Will a Solution Form?

Two substances are miscible if they are able to form a homogeneous (evenly distributed) mixture when added together in any proportion. The enthalpy of solution ($\Delta H_{\rm{soln}}$) indicates whether a solution forms when two substances are mixed. If the enthalpy of solution is less than zero, $\Delta H_{\rm{soln}}<0$, the attractive forces between solvent and solute molecules are greater than the sum of the attractive forces between like molecules, and the solution formation is exothermic. This can happen when hydrogen bonds (an attractive intermolecular force between a hydrogen atom on one molecule and a more electronegative atom on another molecule) exist between unlike molecules. When $\Delta H_{\rm{soln}}<0$, the solution will form. This is the case when two liquids are miscible or when a liquid solvent can dissolve a solid solute.

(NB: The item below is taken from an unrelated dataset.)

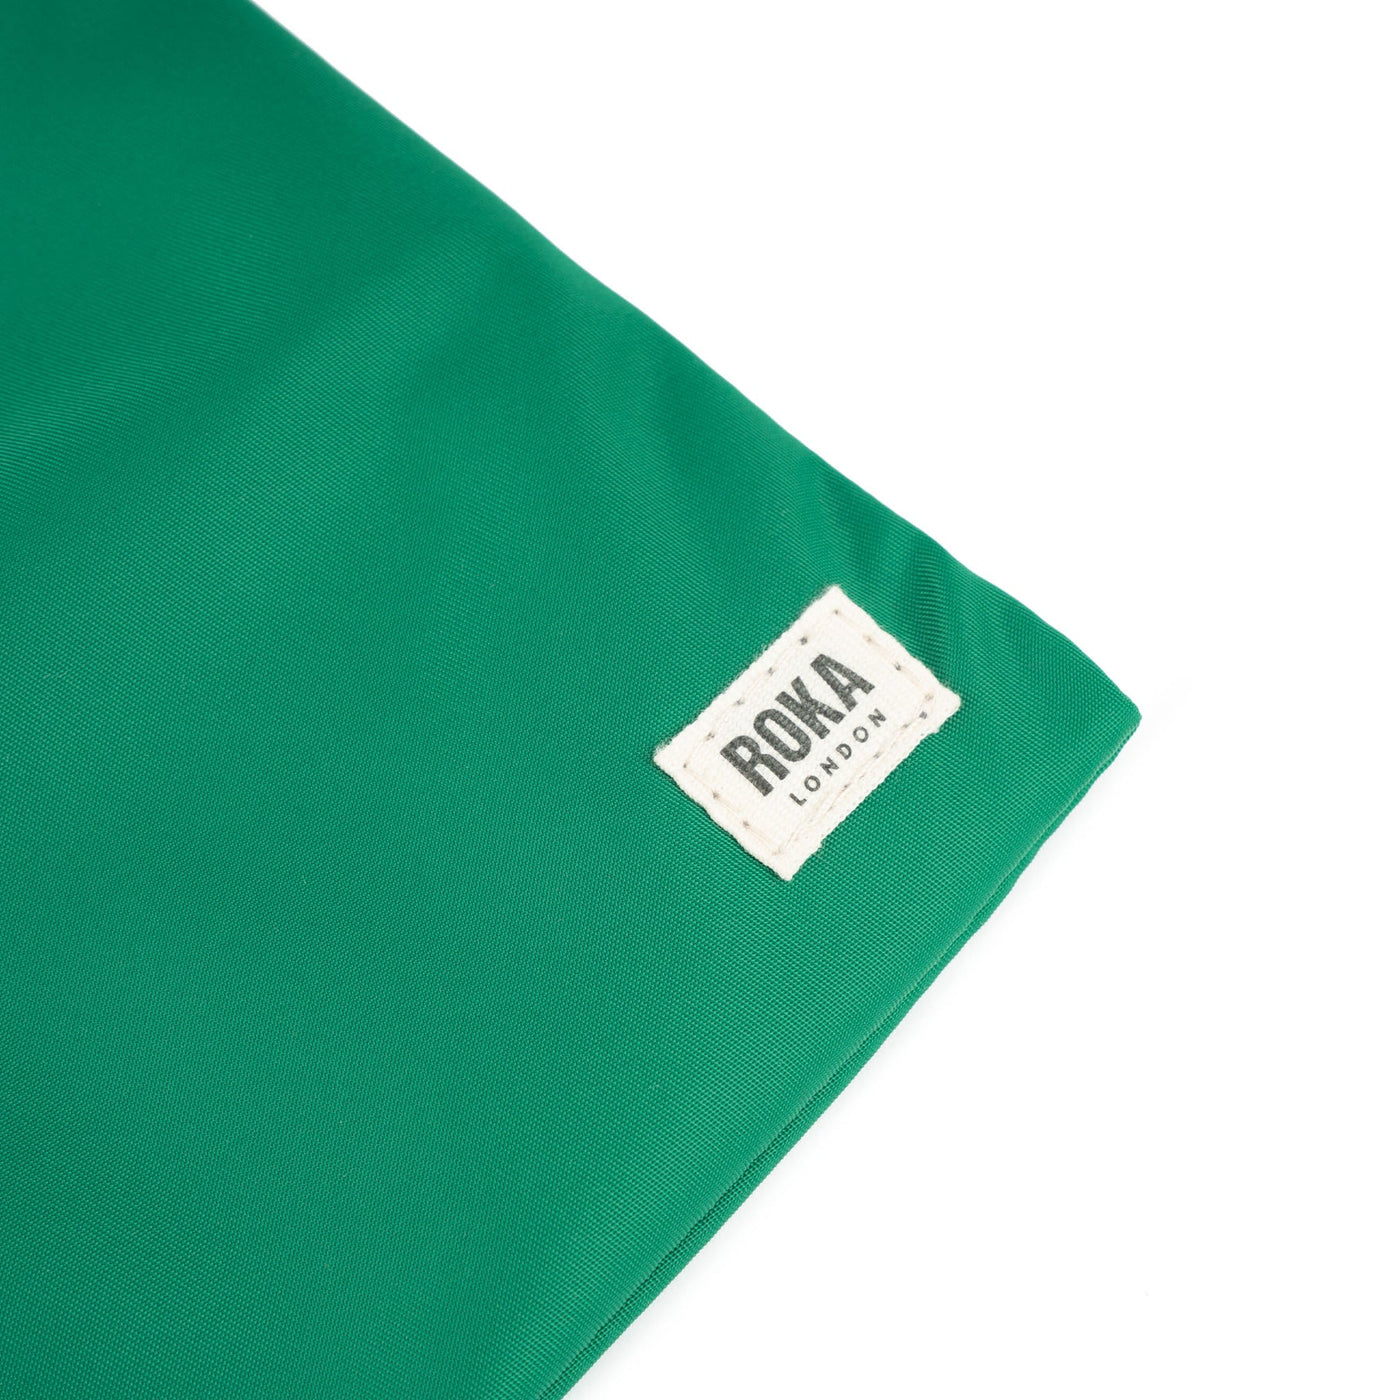 Roka Chelsea Crossbody Bag -Sustainable Nylon - Emerald

A solution for which $\Delta H_{\rm{soln}}=0$ is an ideal solution. The attractive forces between solvent and solute molecules are approximately equal to the sum of the attractive forces between solvent-solvent molecules and solute-solute molecules. The solute molecules in an ideal solution are similar to the solvent molecules, as in the case of benzene (C₆H₆) and toluene (C₆H₅CH₃). Finally, when the heat needed to separate the solute-solute and solvent-solvent molecules is less than the heat released when solvent-solute molecules interact, $\Delta H_{\rm{soln}}>0$, and the solution formation is endothermic. A $\Delta H_{\rm{soln}}$ that is both large and positive indicates that the solute-solvent attractive forces are much smaller than the attractive forces between the like molecules, and a solution will not form. This is the case for water and oil. These liquids are immiscible, which means they are not able to form a homogeneous (evenly distributed) mixture when added together. The nonpolar oil molecules are not attractive enough to the water molecules to break the hydrogen bonds between the water molecules. Just because $\Delta H_{\rm{soln}}>0$, however, does not necessarily mean that a solution will not form. The dissolution of sodium chloride in water has a $\Delta H_{\rm{soln}}$ of approximately 3.88 kJ/mol, and yet table salt is readily soluble in water. This is because the entropy of the solution is greater than the entropy of the pure solute and solvent. Entropy is a measure of the disorder of a system, and the tendency of the universe is for entropy to increase, so any process that has a net increase of entropy will happen spontaneously, without external assistance. So, if $\Delta H_{\rm{soln}}$ is positive but small, dissolution is likely to occur. Molecules with similar structures have similar intermolecular forces and are therefore soluble or miscible with each other, such as HOH (water) and CH₃CH₂OH (ethyl alcohol). The familiar H₂O formula for water is written as HOH to emphasize the $\rm{{-}OH}$ group in its structure. If the intermolecular forces are significantly different, they will be immiscible, such as HOH and CH₃(CH₂)₆CH₃ (octane). Both water and ethyl alcohol have $\rm{{-}OH}$ groups that contribute to hydrogen bonding. They are both polar molecules. Octane, on the other hand, is nonpolar and has no $\rm{{-}OH}$ group. Octane is immiscible in water.

The presence of an $\rm{{-}OH}$ group in a compound's structure does not necessarily mean it is soluble in water. For example, octyl alcohol (CH₃(CH₂)₆CH₂OH) could be expected to be soluble in water because it has an $\rm{{-}OH}$ group that could form hydrogen bonds with water. However, the carbon chain is so long that the alcohol's $\rm{{-}OH}$ group cannot compensate for its nonpolar properties. Octyl alcohol is not soluble in water. The molecular structures of octyl alcohol and water are too dissimilar.